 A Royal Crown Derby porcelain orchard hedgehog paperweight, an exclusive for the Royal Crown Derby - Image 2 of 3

________________

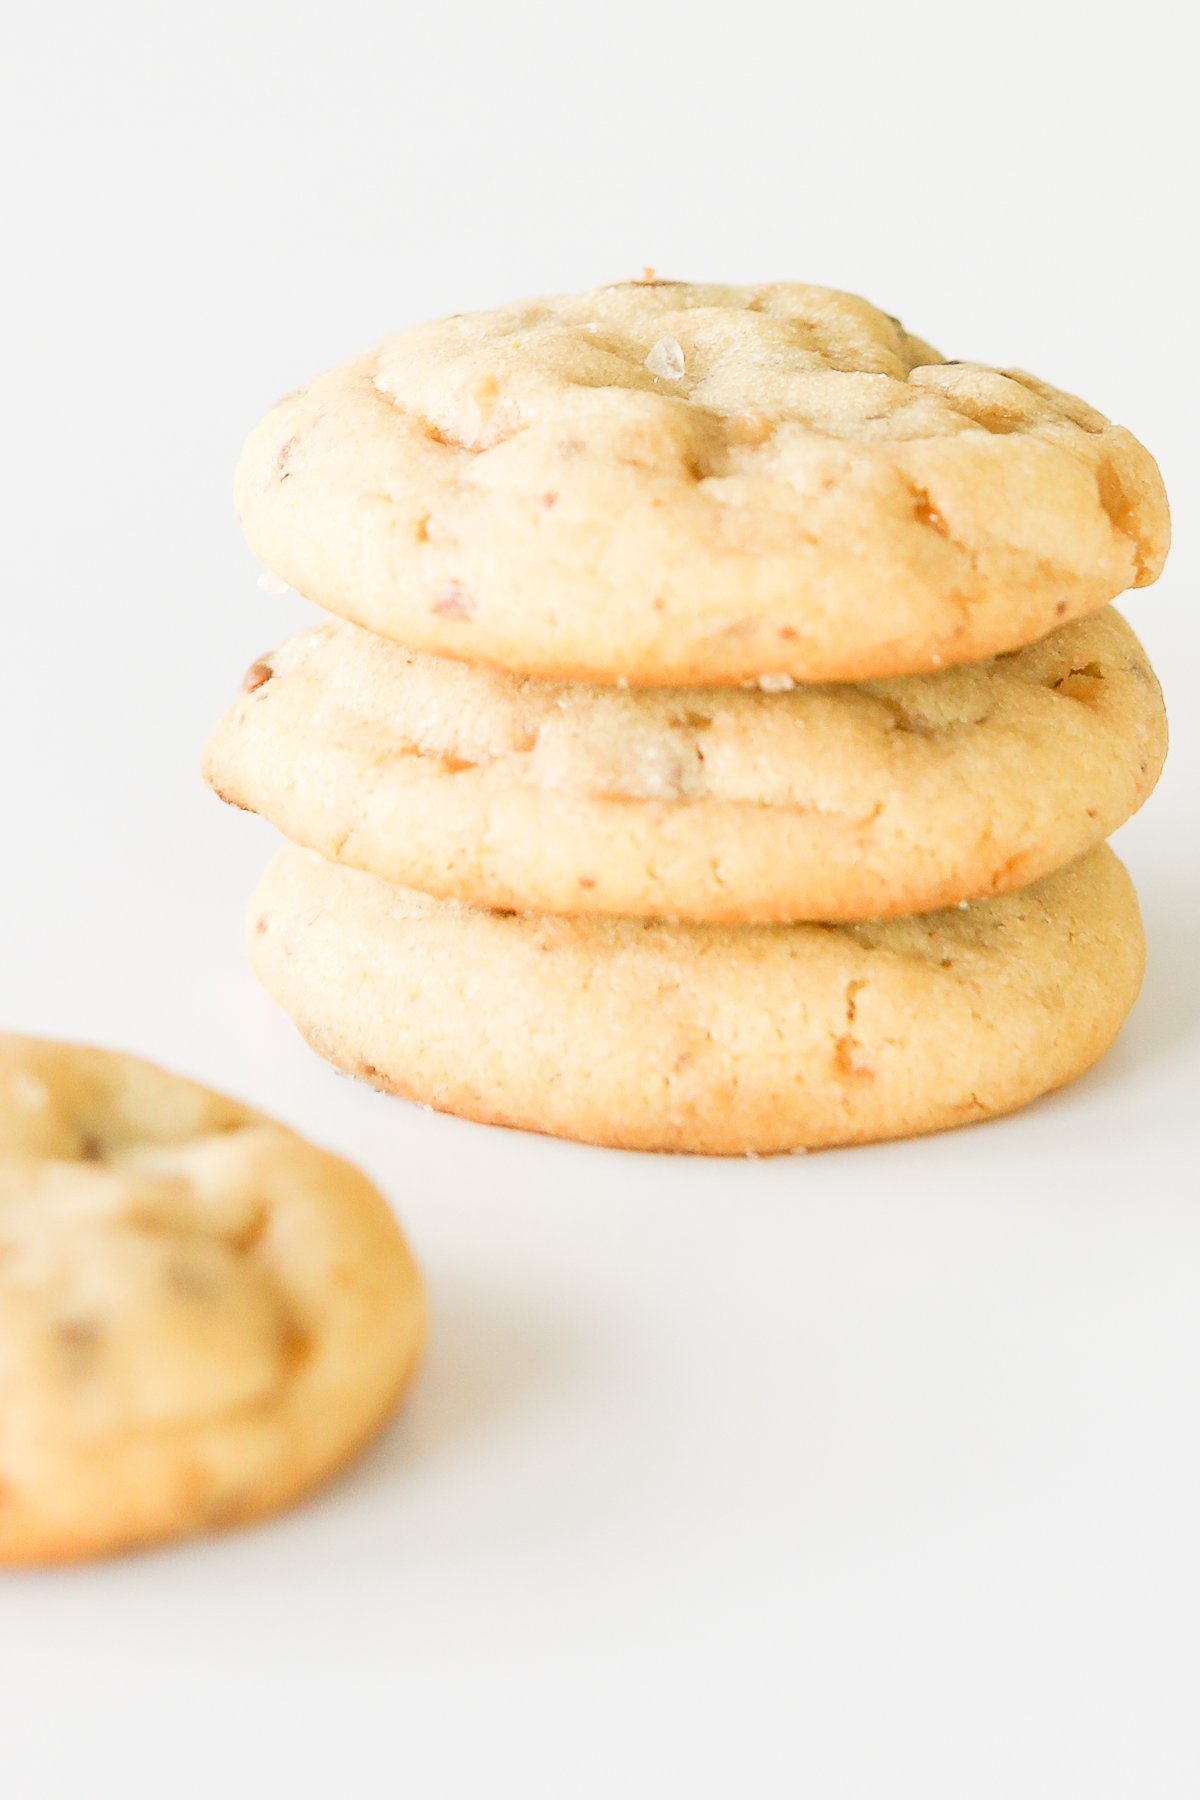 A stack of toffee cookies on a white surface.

________________

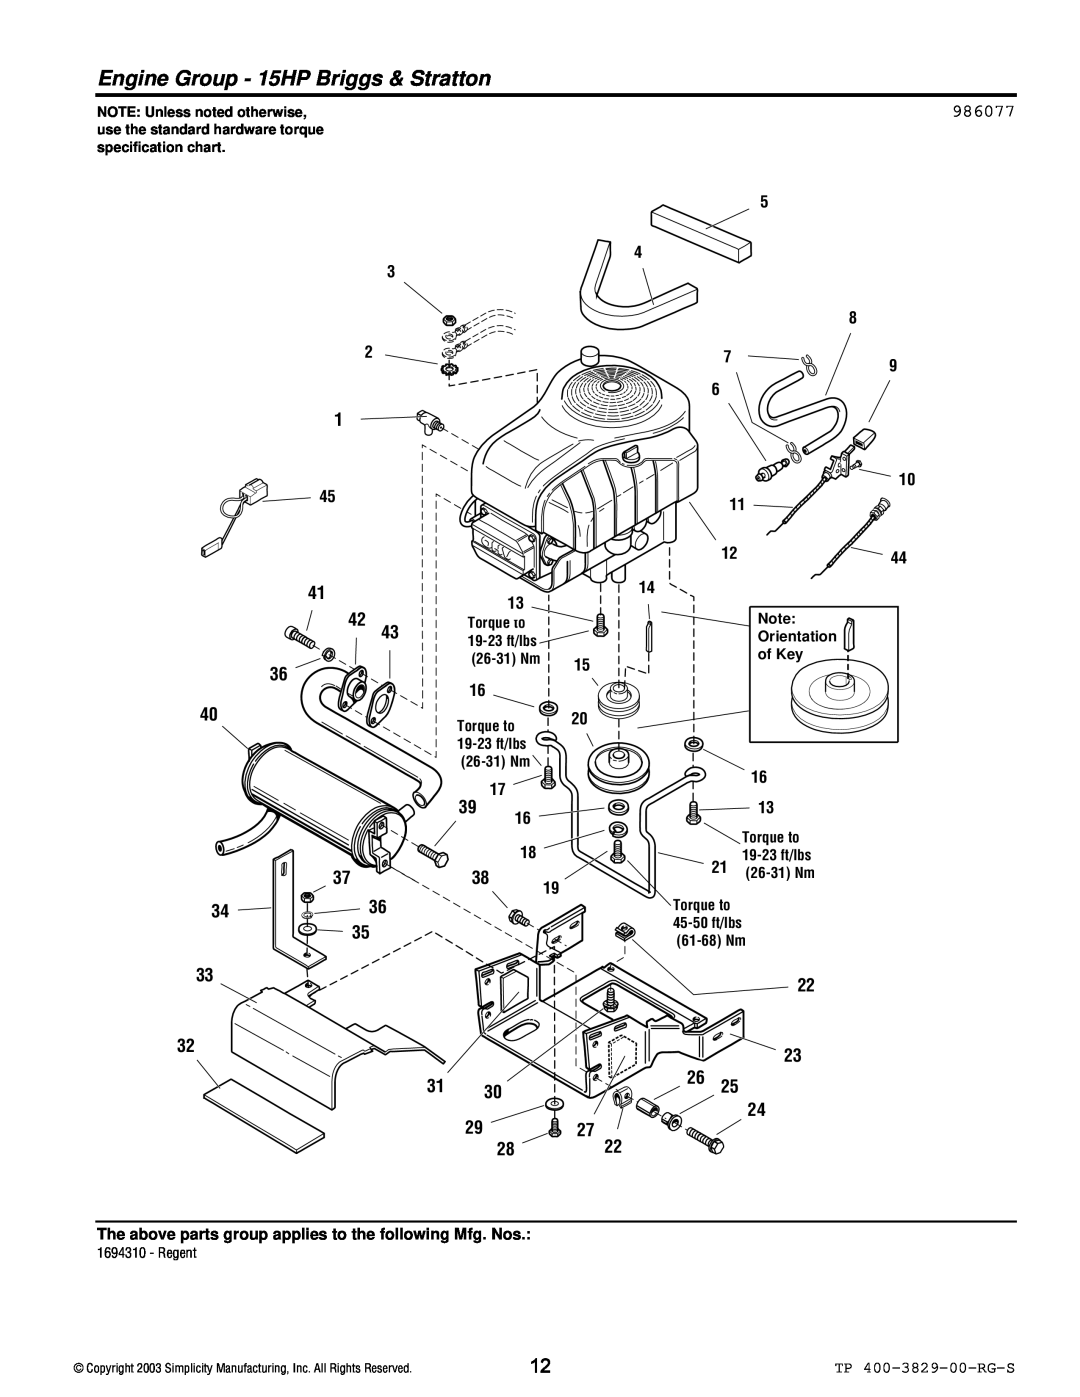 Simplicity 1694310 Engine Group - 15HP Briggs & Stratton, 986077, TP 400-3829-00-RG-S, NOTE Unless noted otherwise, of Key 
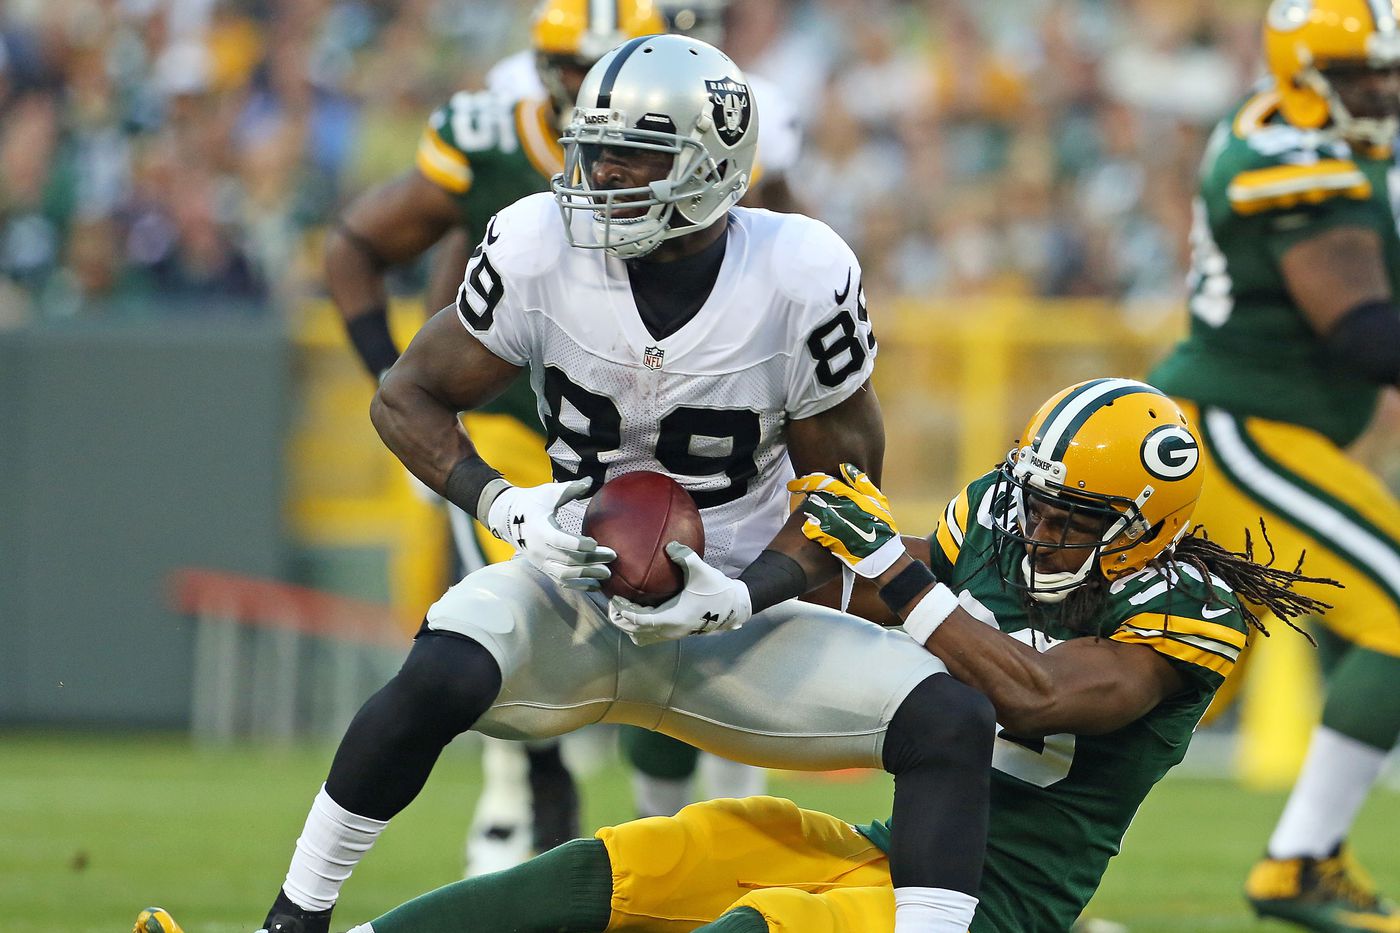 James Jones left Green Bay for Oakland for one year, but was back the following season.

________________

Problem to solve: In the entries above, every line from the line with "Simplicity 1694310 Engine" to the line with "James Jones left" is to be printed exactly, with both ends included and pictures excluded.

Response area:
 Simplicity 1694310 Engine Group - 15HP Briggs & Stratton, 986077, TP 400-3829-00-RG-S, NOTE Unless noted otherwise, of Key 
 James Jones left Green Bay for Oakland for one year, but was back the following season.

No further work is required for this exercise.